Relocalization in Massachusetts
Rebuilding Community for a Sustainable Future
Michelle Skolnik March 25, 2010
Men anpil chay pa lou. This Haitian proverb means many hands together make the burden light. It was written on an old political poster, printed by the Red Sun Press on display at the Haley House Café in Dudley Square, Roxbury. This proverb evokes the ideas of community, justice, and change—all of which are crucial elements of Relocalization in Massachusetts. Relocalization is a national movement to bring life closer to home, to a local level, in order to create “resilient, healthy, just, diverse, sustainable, people-powered communities.” The Relocalization Network began in 2003 as an initiative of the Post Carbon Institute in response to climate change, the breakdown of community, and an insufficient economic system—all of which are believed to stem from our over-dependence on oil. Many of today’s global issues that relocalization tries to address threaten our society, our ecosystems, and the preservation of world cultures. Relocalization focuses on making change and taking action on these global issues at the community level.
Though the Relocalization movement has just picked up energy within the last few years, the issues it addresses are not new. In fact, one of my most striking findings is that this kind of organizing has been going on for over 30 years. George Mokray–a solar engineer and an active participant in the Massachusetts self-reliance movement of the 70s and 80s, shared that there is a whole history related to relocalization, food, and alternative living that most people don’t know about. There was an energy crisis in 1973, known as the Oil Shock, which caused people to question what might happen if oil ran out or if prices increased. In response to the worries, people in Massachusetts along with others around the country, began to establish an alternative economic system. According to George, people realized that if they wanted to change the culture and politics of the U.S., they needed to change economics. People in Boston established community gardens, land trusts, food coops, and community supported agriculture projects. Outside of the city, more people began to farm organically, they established farmers markets, and conducted alternative energy research.
Relocalization is not a resurgence of the old movement, but many of the projects people are working on now directly relate to previous efforts. Relocalization in Massachusetts is a dynamic movement that consists of numerous organizations working toward similar goals through varying methods. The organizations did not emerge out of the effort to Relocalize; they were all started for separate, individual purposes, but together they make up the relocalization movement. Eli Beckerman, of the Massachusetts Coalition for Healthy Communities, sees the movement “accelerating in speed and growing in strength” as people engage in relocalization from many perspectives, many without even thinking about it. Time Trade Circle, an organization which allows members to earn and use “time dollars” to exchange services with other members, is one example. The bank was started as a social support network for families involved in a parent support group that Director Katherine Ellin was leading at the time. She hadn’t even heard the word “relocalization” until she attended the MCHC Relocalization Conference, but the time bank certainly supports the local community by putting resources into it and providing a tool for people to connect. Boston Localvores is another group that provides resources and a way for people to interact, but their approach is through the enjoyment of local food.

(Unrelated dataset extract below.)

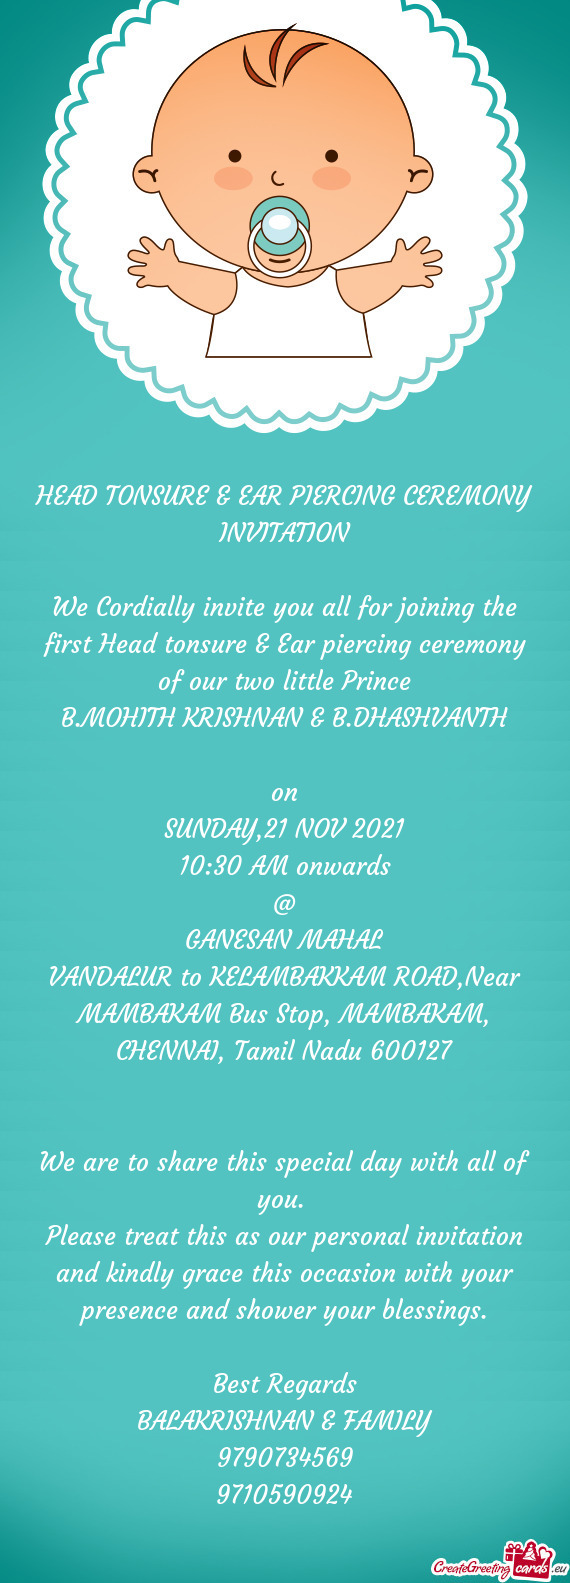 We Cordially invite you all for joining the first Head tonsure & Ear piercing ceremony of our two li
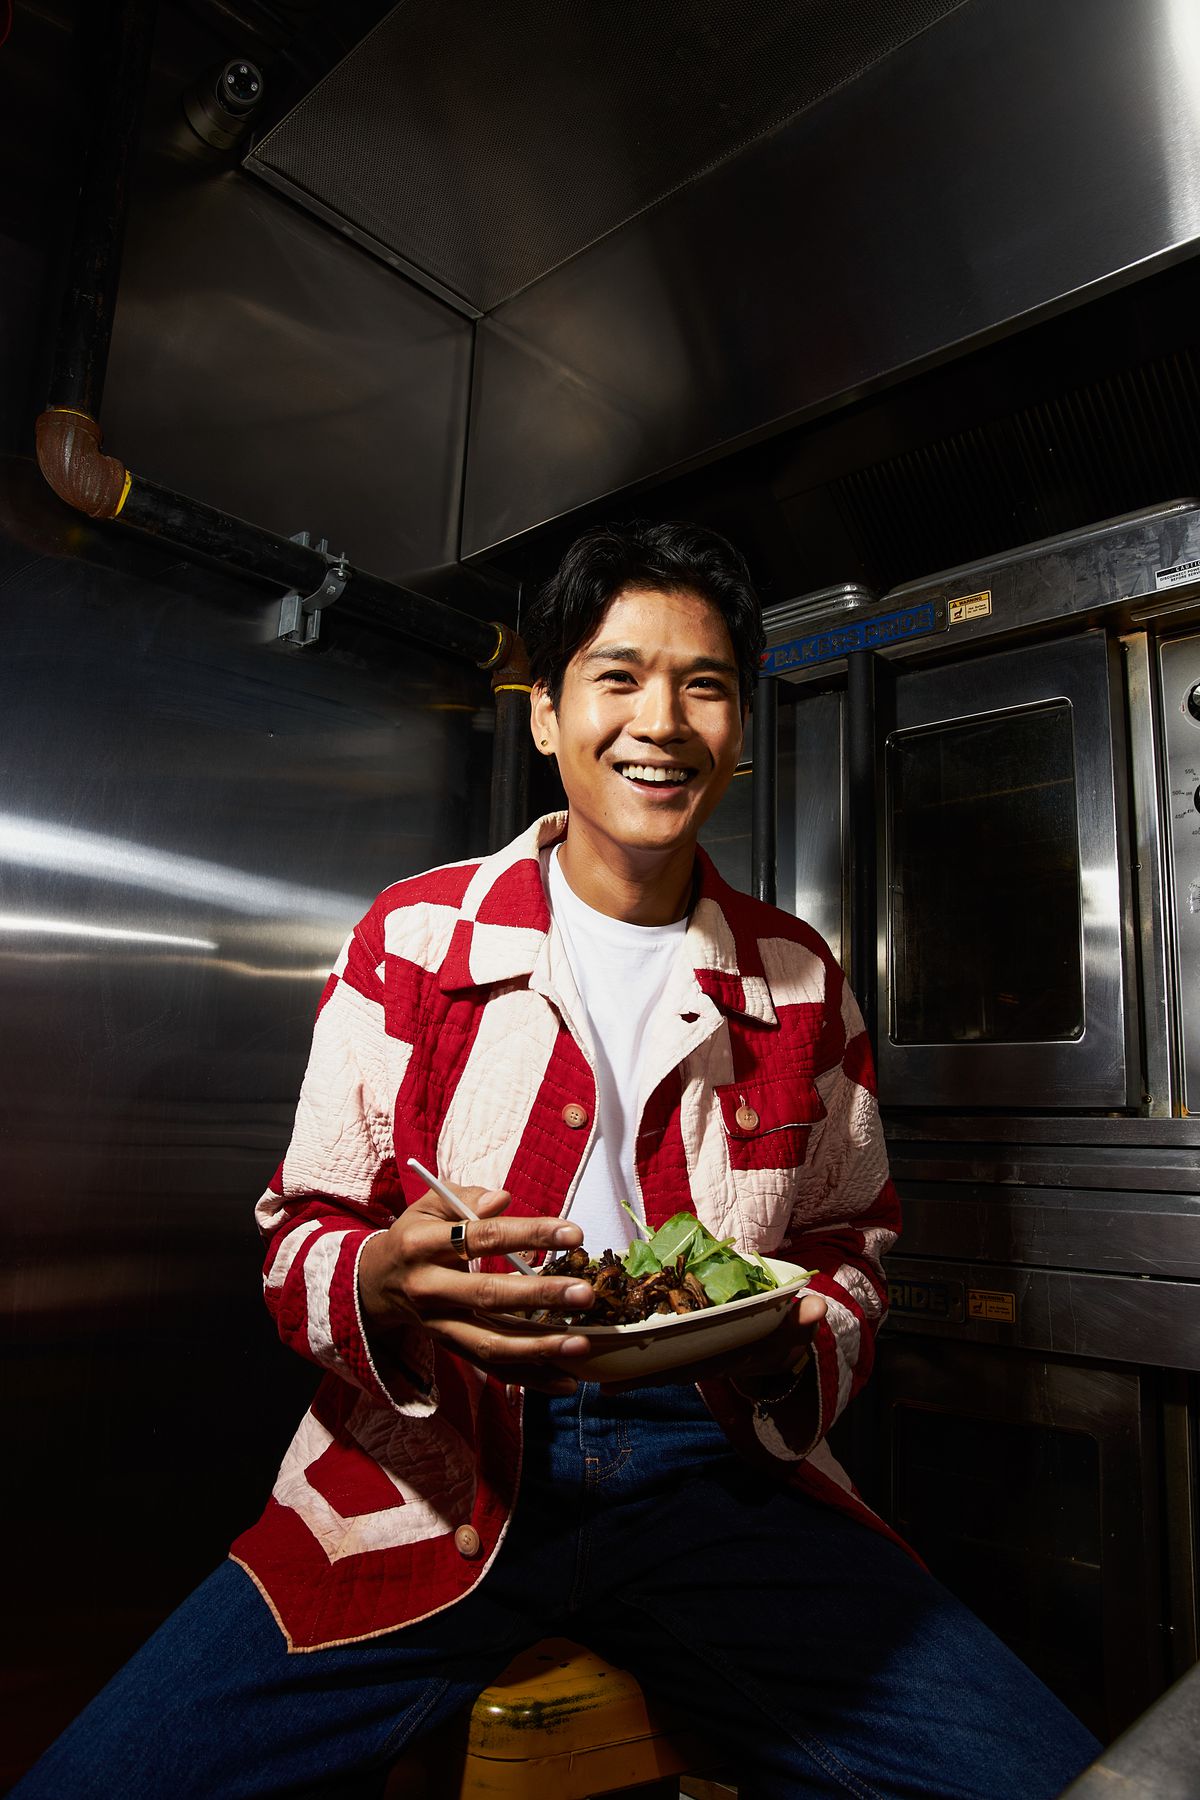 Woldy Reyes, a Filipino chef known for his Woldy Kusina pop-up in New York City, stands in an industrial kitchen in a red and white outfit.

The Localvores group is more deliberately part of the relocalization effort, and aims to encourage local alternatives to corporate industrial producers, manufacturers, and retailers.
Social justice is built into the foundation of the Massachusetts Relocalization effort. Part of the goal is to support “just,” “diverse,” and “people-powered” communities, making Relocalization accessible to all people. In his keynote address at the Relocalization Conference, Mel King—lifetime community and political organizer—addressed the need to be inclusive of all people and therefore emphasized the idea that anyone can participate in relocalization. “Talk is cheap,” he said – “anyone can do it, and talking is how you generate ideas and motivate people to act.” The conference, as well as the Vegetarian Food Festival, was held at Roxbury Community College. People of color, low-income, and immigrant communities are often argued as being left out of the environmental and sustainable food movements, but hosting major events in this diverse neighborhood demonstrates the desire to include everyone in this critical social and economic transformation. In addition, many of the local farmers markets now accept food stamps and there are various local food and agriculture projects aimed specifically at making good, healthy food available in parts of the city where it is scarce. Organizations like the Food Project, ReVision Urban Farm, and the Haley House all work to provide affordable, nutritious food along with skill training and education to a diverse community.
It turns out that living local in Massachusetts is certainly feasible, but as expected, the reasons people have for living local varies widely. It is true that not everyone is working towards environmental sustainability, but many organizations see a need to start patching the gaps of our current system. There are an abundance of resources helping people to engage with environmental and social issues if people seek them out. Living local can be a powerful tool if the community element is embraced and if we get creative about the way we think about our lives. Though Relocalization is only one of many routes toward a vibrant future, it is inclusive of diverse interests and most importantly, encourages a practical approach to getting there.